これに対して、テスラはハイエンドの高級車市場でBMW、ダイムラー、アウディなど独系高級EVと競合する一方、コストダウンを通じてVWとトヨタの牙城であるミドルエンドの普及車市場を攻める戦略を取ると見られる。
規模のメリット生かす
モデル3がけん引するテスラ車の中国販売台数は20年に15万台になる見通しだ。そこにモデルYの投入も加わると、販売台数30万台も視野に入る。生産規模の拡大による規模のメリットが出れば、車両価格を20万元(約300万円)まで引き下げる余地も生まれる。それは、独系高級EVブランドだけではなく、BYDや北京汽車など地場EVブランドに対する大きなアドバンテージになる。
今後、テスラにとっては生産能力の引き上げに力を入れると同時に、販売台数の増加に伴うアフターサービスの対応や、中国消費者の信頼を維持することが重要な課題となる。
(湯進・みずほ銀行法人推進部主任研究員)
「コロナ」でも最速で再稼働
新型コロナの影響を受け、テスラが米国工場の生産を停止し、従業員の一時帰休や給与削減などの措置をとっている。世界で感染拡大が続けば、欧米のEV販売低迷が長期化する恐れがある。それに対して中国における新型コロナ感染はすでにピークアウトし、かつ内需を中心とするEV市場への期待も次第に高まっている。
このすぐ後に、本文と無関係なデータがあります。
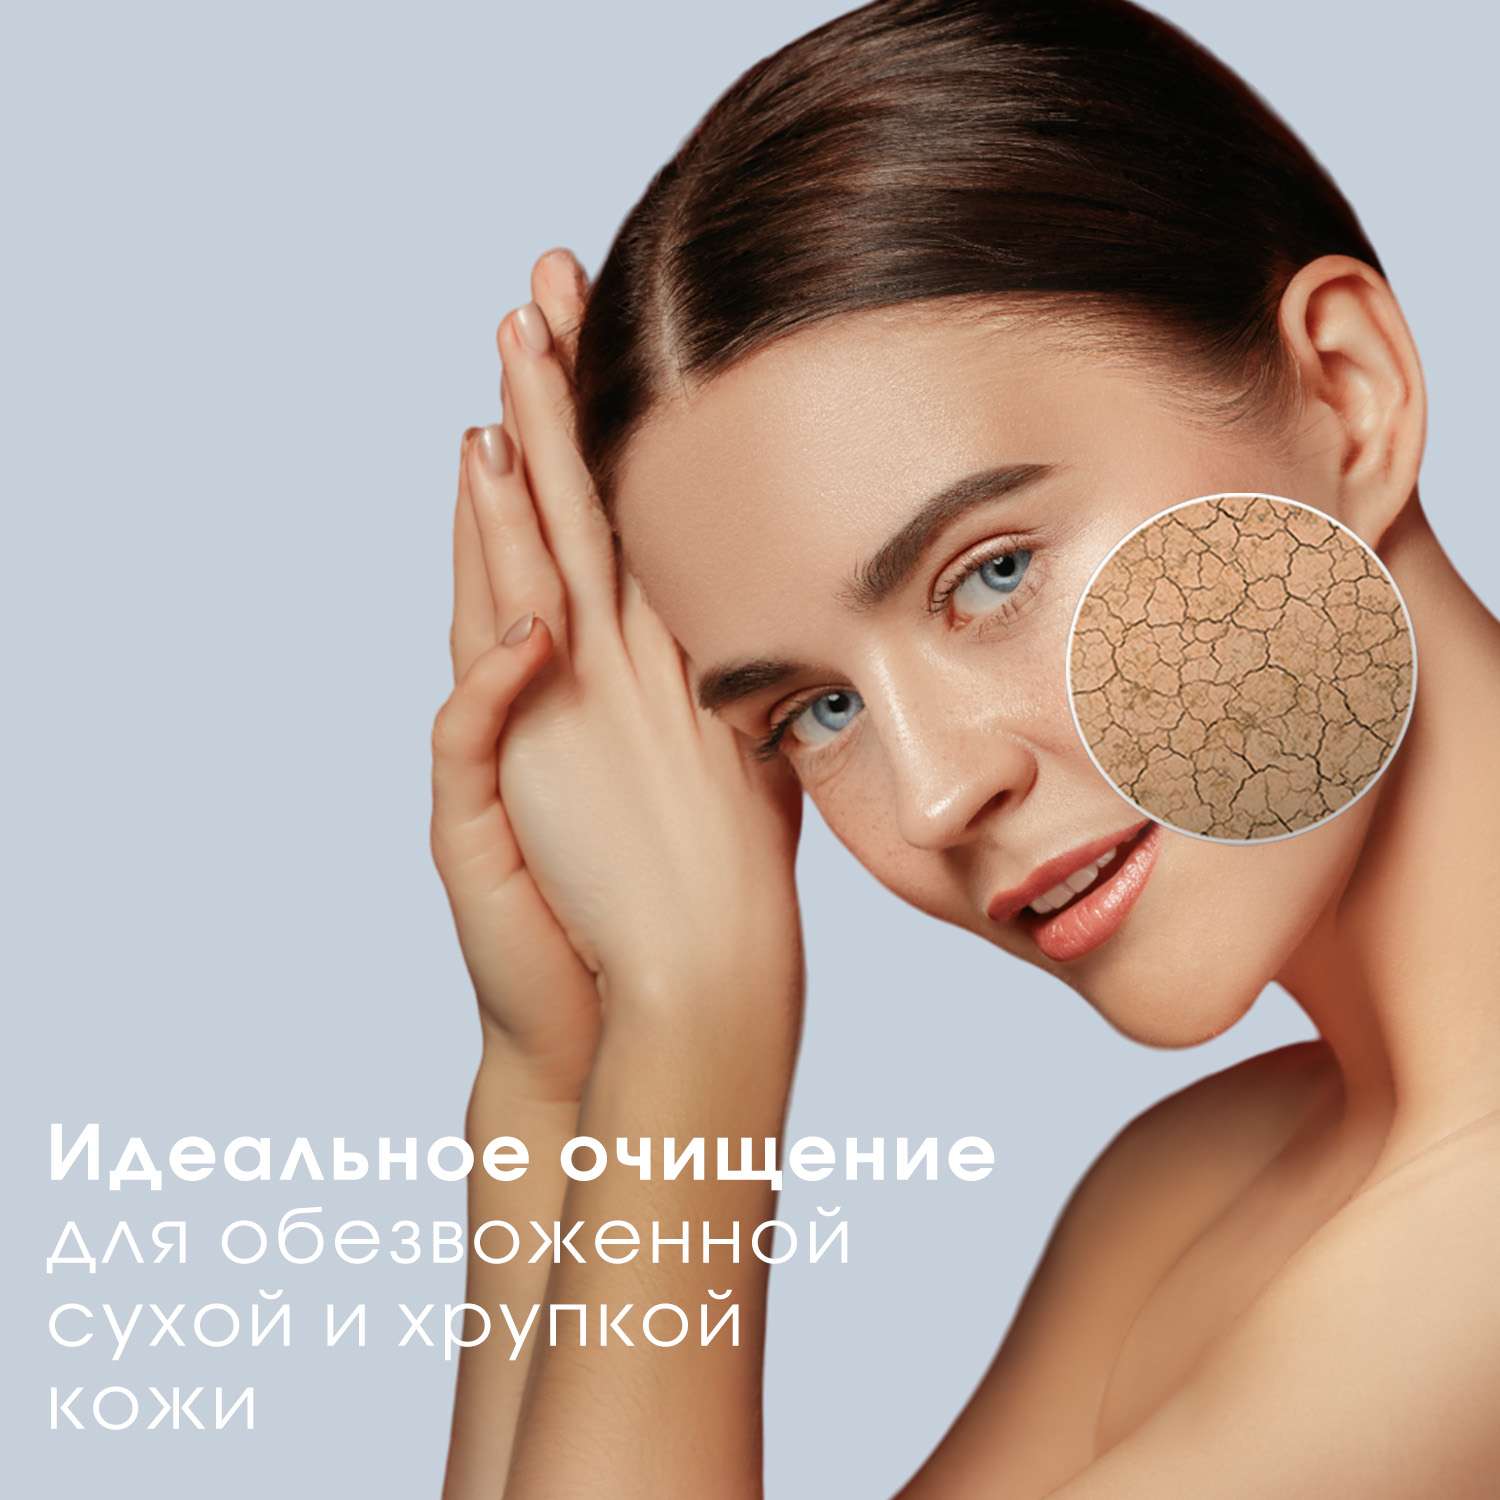 Гель для умывания лица и тела Camomilla BLU для сверхчувствительной кожи Fior di Camomilla Face and body cleanser 500 мл - фото 7
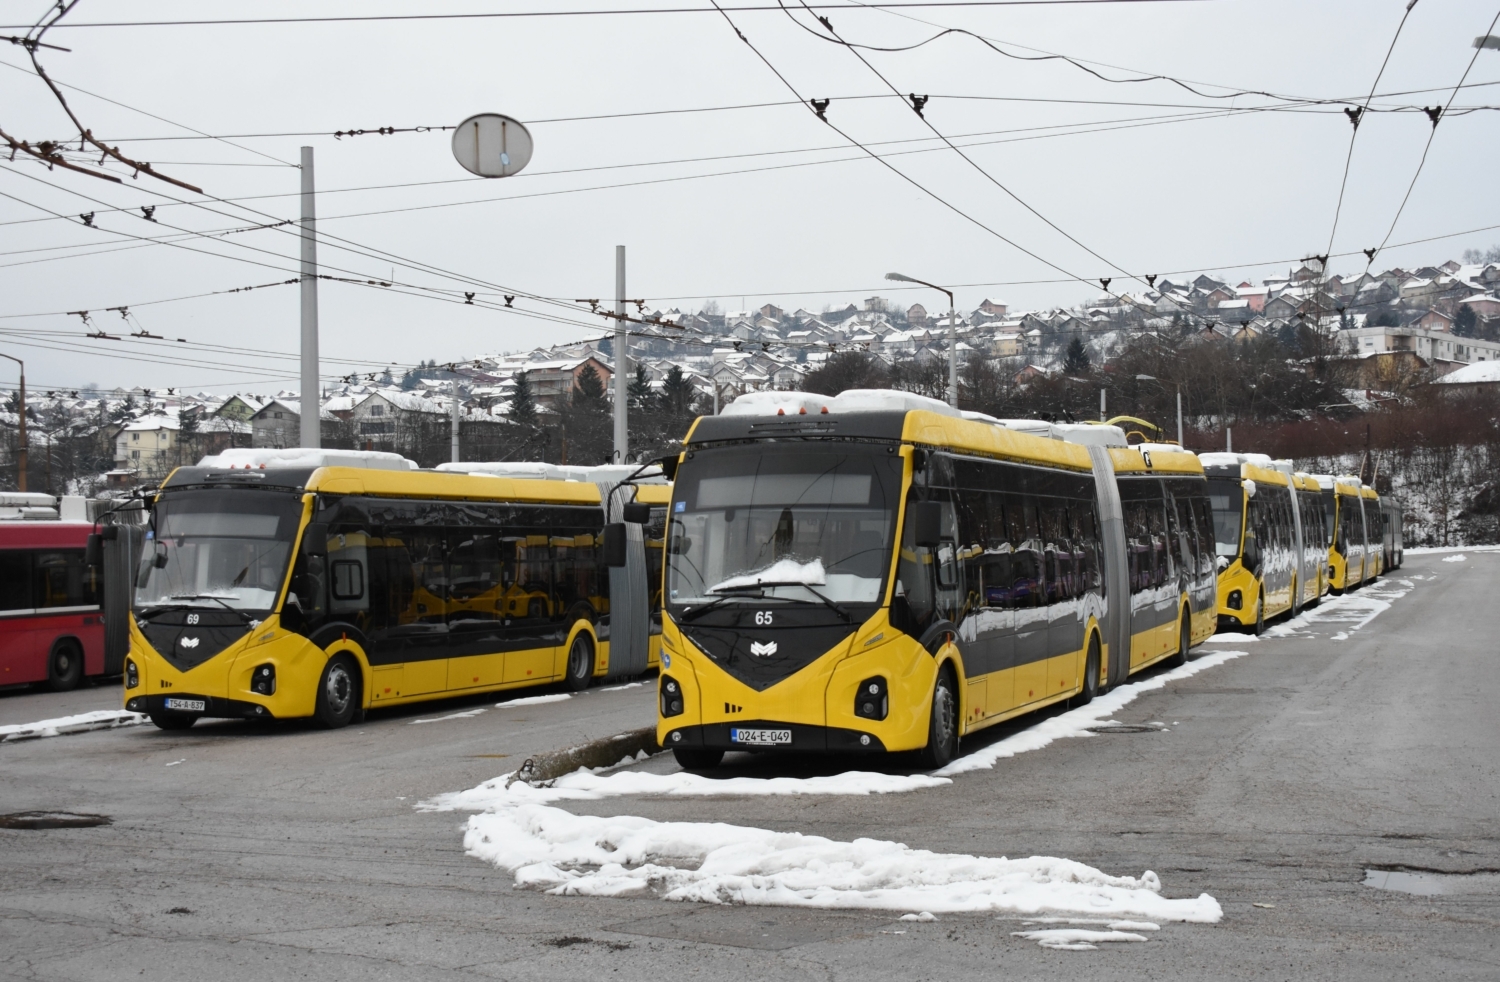 Do Sarajeva dorazilo v průběhu let 2022 a 2023 celkem 25 nových trolejbusů BKM 43300D běloruské provenience. S jejich dodávkami ovšem byly problémy – Bosna a Hercegovina se připojila k protiruským a k protiběloruským sankcím, což hrozilo dodávku trolejbusů zablokovat. Nakonec bylo dohodnuto, že trolejbusy ze základního kontraktu budou do země doručeny, avšak opci na dalších deset kusů už Sarajevo využít nemohlo. Současně se nová flotila potýká s nedostatkem náhradních dílů, neboť údržbu v podstatě nelze legálně zajišťovat. (foto: Libor Hinčica)

中国ではテスラが2月10日に上海工場を再稼働させ、中国自動車業界で最も早い操業再開を実現した。当時、上海臨港新区が同社に専任幹部を発遣して操業再開を支援していた。また新規採用した従業員600人分の宿舎やマスク1万枚、大型体温計・消毒液など防疫物資を提供して当社の主要サプライヤー8社にも操業再開の支援を実施していた。
(湯進)
価格、仕様、アフターで課題
テスラ車の中国販売は一見好調に見えるものの、消費者対応、完成度の維持といった面では、すでに中国でEVを投入しているドイツ自動車メーカーに一日の長がある。実際、テスラに対して、中国内のユーザーの一部から顧客対応が悪いといった批判も出ている。例えば、テスラ車を値下げの直前に購入した消費者が不満を抱き、長沙の販売店前で抗議するという事件も昨年起きた。これに対し、テスラは自動運転機能のグレードアップ料金を優遇する措置で事態の収拾を図った。
こうした価格に対する苦情のほか、中国製モデル3の仕様をめぐるトラブルも発生している。まず、車載システムの「すり替え問題」だ。モデル3は自動運転を制御するため、「HW3」という電子制御ユニット(ECU)を搭載しており、これはテスラが開発した「フル自動運転(FSD)チップ」が採用されている。HW3は、従来の「HW2.5」(エヌビディア技術を採用)と比べて、情報処理能力は10倍も向上すると言われている。しかし、一部のモデル3にHW2.5が搭載されていることが発覚。テスラに批判が殺到した。この状況に中国工業情報化省が動き、3月、テスラに対し生産の一貫性と製品の品質を確保するよう命じた。
また、昨年1月には、エアバッグの欠陥で問題となった日本メーカー・タカタの製品を搭載した「モデルS」について1万4123台をリコール、今年2月には同じ問題で「モデルX」について3183台をリコールすると発表した。このほか、回収・修理に伴うアフターサービスの不備に対する苦情も多い。
今のところテスラ車は、ブランドイメージやイーロン・マスクCEOの知名度によって、中国市場における優位を維持してはいるものの、問題を解消できなければ、この先販売規模を拡大していく際の大きな障害となる可能性がある。